Joan Swirsky
Friday, March 14, 2003
I fell in love with my husband-to-be when I was 14, no doubt about it. How did I know it was love? I didn’t. But my adolescent instincts proved accurate. We married as teenagers and are now celebrating our 43rd anniversary – 43 years of undying love. So much for 14-year-olds not knowing how they feel.
And for many years now, I have been a psychotherapist and what I have learned from my patients’ complicated lives is that appearances don’t count.
I remember one young woman, the daughter of a librarian and schoolteacher, who grew up in a suburban home of the most conventional values. Her “presenting symptom” was dissatisfaction with her job, but I soon learned that she dated men who picked her up when she stopped at a light and even met a man, at midnight, who had called the wrong number and gotten her instead.
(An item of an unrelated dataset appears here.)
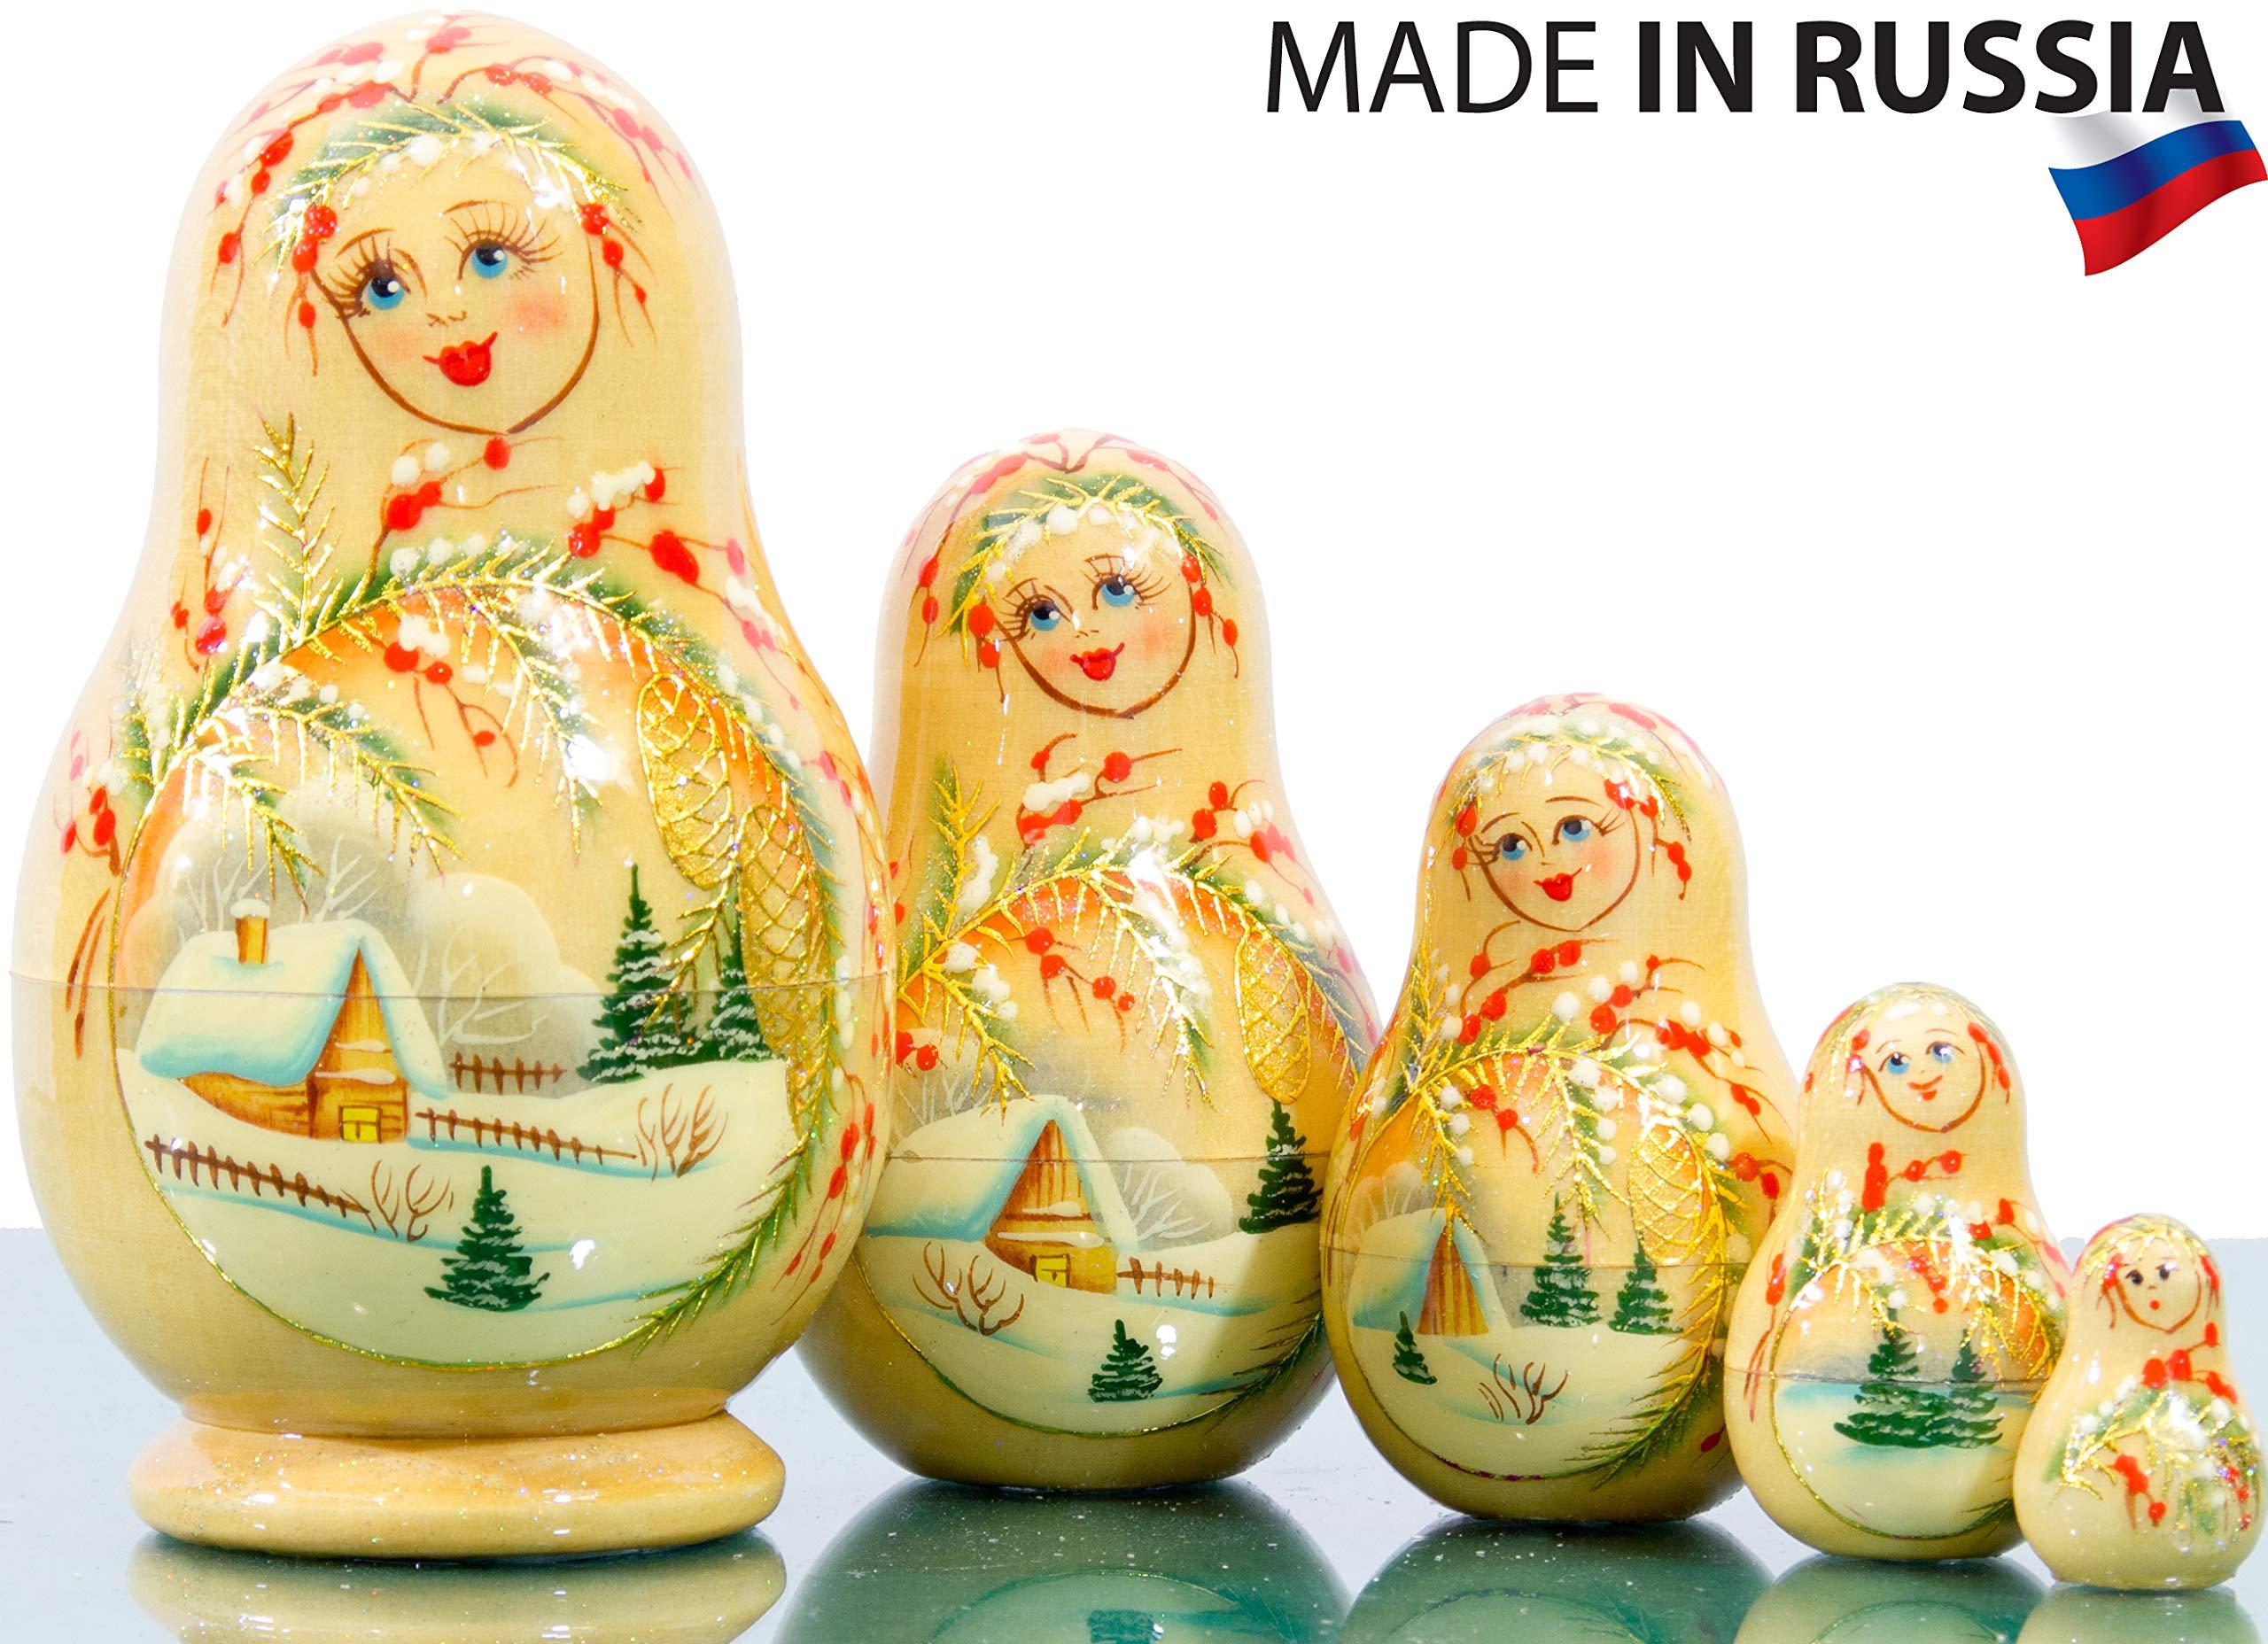 Russian Nesting Doll - Kirov - VJATKA - Hand Painted in Russia - Medium Size - Wooden Decoration Gift Doll - Matryoshka Babushka (Design B, 4.75`` (5 Dolls in 1))

Little Ms. Conventional, it turned out, craved the fast life, the life of risk and escape from her mundane background.
I had another patient who married her psychoanalyst. But before that, as a teenager, she spent endless nights at crap tables in Las Vegas, loving every minute. And as a “grown-up married woman,” as she described herself, she said that her “happiest memories in life” were of “dressing up and being there when the highest stakes were on the line.”
So, clearly, stereotypes of 14-year-old innocents – even presented by “experts” using the most sophisticated psychobabble or crime-fighters using the most impressive “profiling” data – leave a lot to the imagination.
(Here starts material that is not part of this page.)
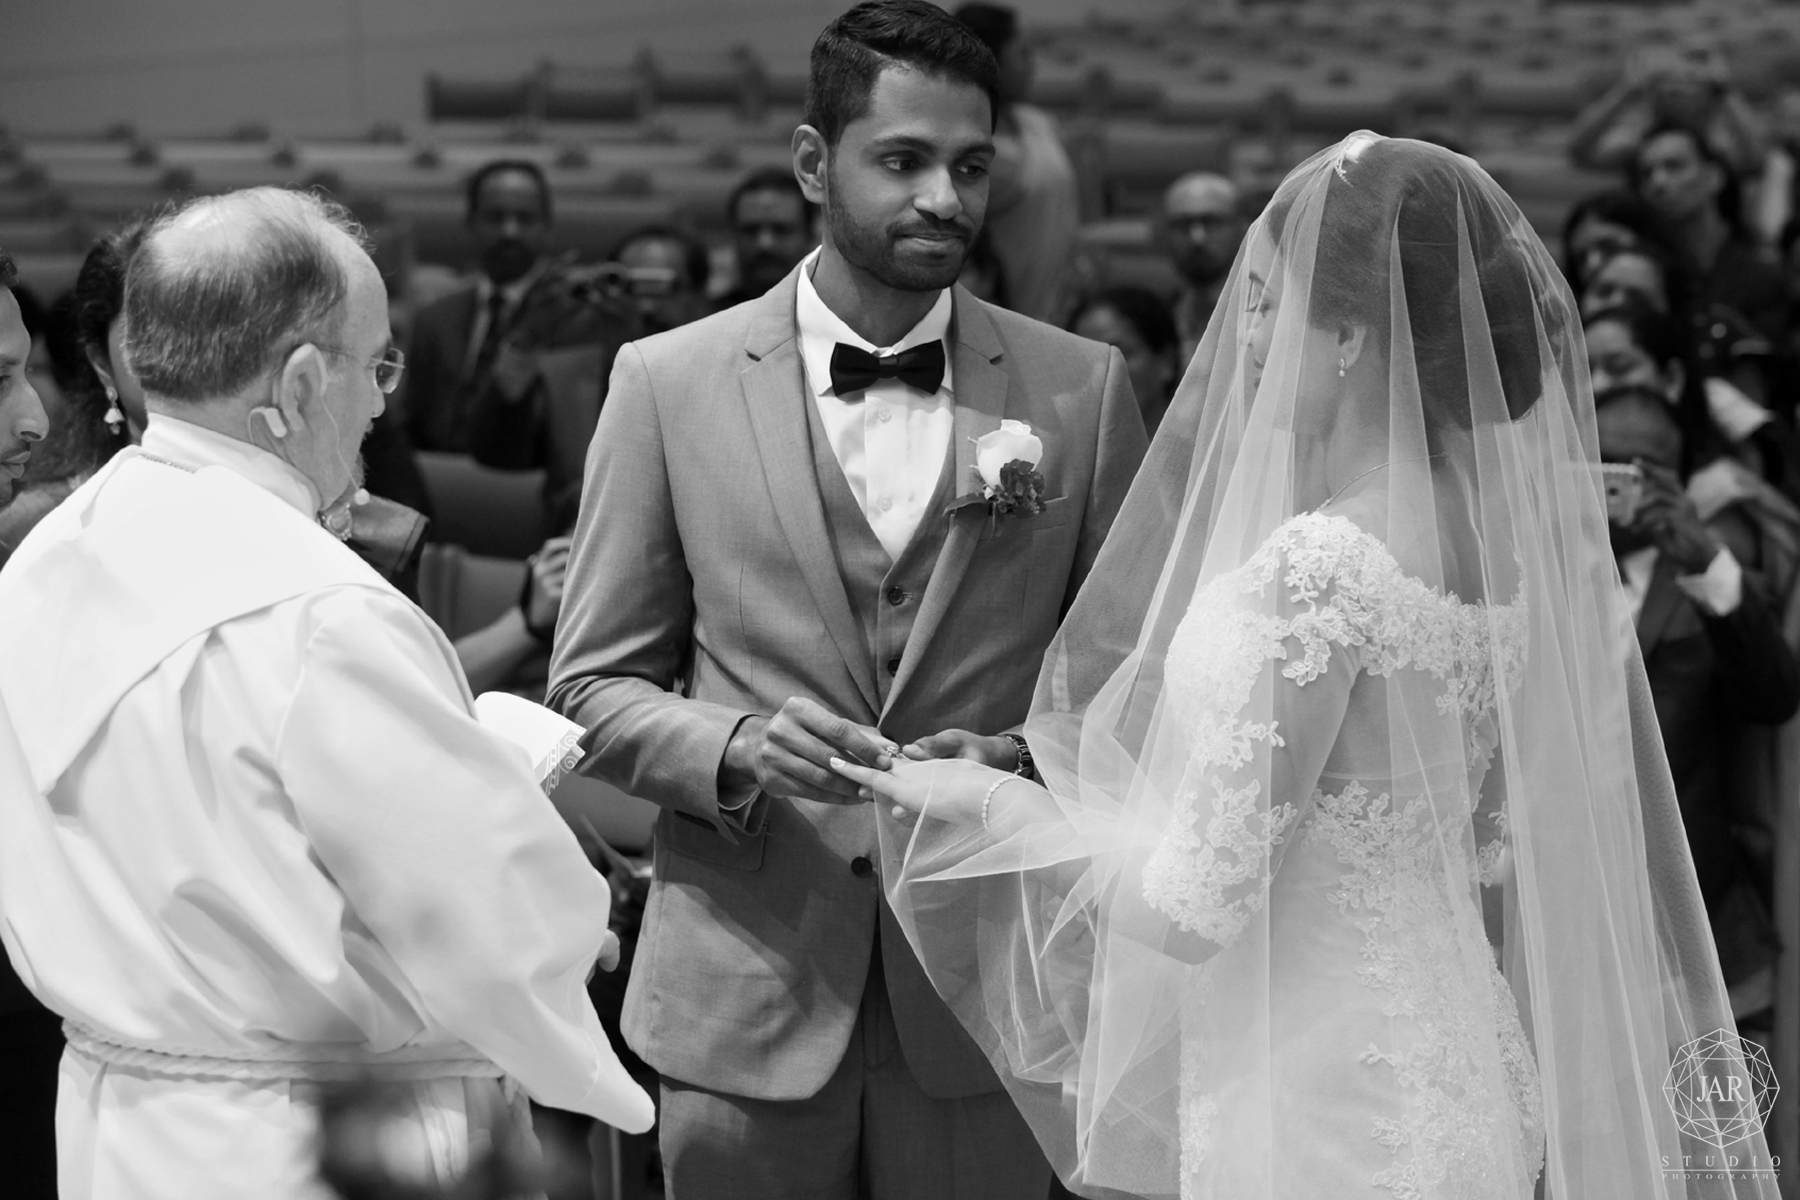 15-modern-indian-wedding-ceremony-jarstudio-photography.jpg

Let’s consider one possible Elizabeth Smart scenario. Brian David Mitchell, the drifter (and probably grifter) who paraded through Salt Lake City as Emmanuel, the God-fearing evangelist out to save misguided souls, met young Elizabeth Smart’s mother on the street, where he solicited a handout from the inveterate do-gooder.
It wasn’t enough for her to hand him five dollars; she also invited him to earn more money by fixing the roof of her home, which he did one sunny afternoon in 2001.
Finally, he might have said: “I want you to come with me, to leave your boring existence – where your father sheds crocodile tears and your mother is a stone – to live a more exciting life, of God, of costumes, of travel, of freedom.”
She may have had doubts, but she finally agreed to an “escape” that left her sympathetic in the eyes of her family but, at the same time, free to live the exciting life she craved.
And true to her expectations, what ensued was more thrilling than she had imagined. She heard people calling out her name but never answered back. She agreed to wear a costume in public that camouflaged her face but she never bolted from her “captors” as she had innumerable oppto doortunities .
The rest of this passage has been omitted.